SUMEDANG,– Sumedang terus berupaya meningkatkan layanan keamanan dan keselamatan bagi publik. Salah satunya melalui rencana integrasi layanan call center 110 milik Polri dengan layanan call center 112 milik Pemkab Sumedang agar respons penanganan aduan masyarakat semakin cepat dan terkoordinasi.
Hal tersebut dibahas saat Bupati Sumedang Dony Ahmad Munir menerima kunjungan Asisten Utama Polri Bidang Operasi, Komjen. Pol. Dr. Mohammad Fadil Imran, di Command Center Sumedang, Selasa (3/3/2026).
Dalam pertemuan tersebut, Bupati Dony Ahmad Munir menjelaskan layanan publik digital di Command Center Sumedang yang merupakan pusat big data pemerintah daerah untuk mendukung pembangunan sekaligus pelayanan publik.
“Data yang tersaji di Command Center ini merupakan bentuk transparansi yang akan menjaga integritas,” katanya.

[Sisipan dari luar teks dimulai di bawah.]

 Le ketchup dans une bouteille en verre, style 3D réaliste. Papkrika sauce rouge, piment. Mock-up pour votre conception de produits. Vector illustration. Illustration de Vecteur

Bupati menjelaskan, dari paparan pihak kepolisian, terdapat sejumlah program strategis dalam menjaga keamanan dan ketertiban masyarakat. Salah satunya layanan call center 110.
Di Kabupaten Sumedang, layanan tersebut telah dijalankan dengan baik oleh Polres Sumedang. Bahkan saat dilakukan uji coba, waktu tunggu respons tercatat di bawah lima detik.
“Melalui layanan digital tersebut artinya negara hadir, polisi hadir untuk menyelesaikan persoalan di masyarakat. Masyarakat bisa langsung menyampaikan persoalannya kepada pihak kepolisian melalui call center 110,” katanya.
Sementara Komjen Pol. Dr. Mohammad Fadil Imran menegaskan bahwa keamanan bukan hanya menjadi urusan kepolisian semata, melainkan tanggung jawab bersama seluruh unsur, termasuk Forkopimda.
“Setiap ada keluhan masyarakat, semua jajaran harus hadir. Keamanan adalah urusan kita bersama,” ujarnya.
Ia menilai layanan digital yang dimiliki Sumedang dapat dikolaborasikan dengan command center Polri sehingga masyarakat yang membutuhkan layanan dari kepolisian maupun pemerintah daerah dapat lebih mudah mengaksesnya.
Menurutnya, pengelolaan keamanan juga harus berbasis data. Setiap kejadian perlu dicatat, dipetakan, dan dianalisis agar potensi persoalan dapat dicegah sebelum berkembang menjadi lebih besar.
“Kita perlu mengevaluasi setiap kejahatan yang terjadi, apa penyebabnya, lalu kita eksekusi langkah penanganannya. Mudah-mudahan kolaborasi ini bersinergi dan memberikan dampak nyata bagi masyarakat,” katanya. (hms/bon)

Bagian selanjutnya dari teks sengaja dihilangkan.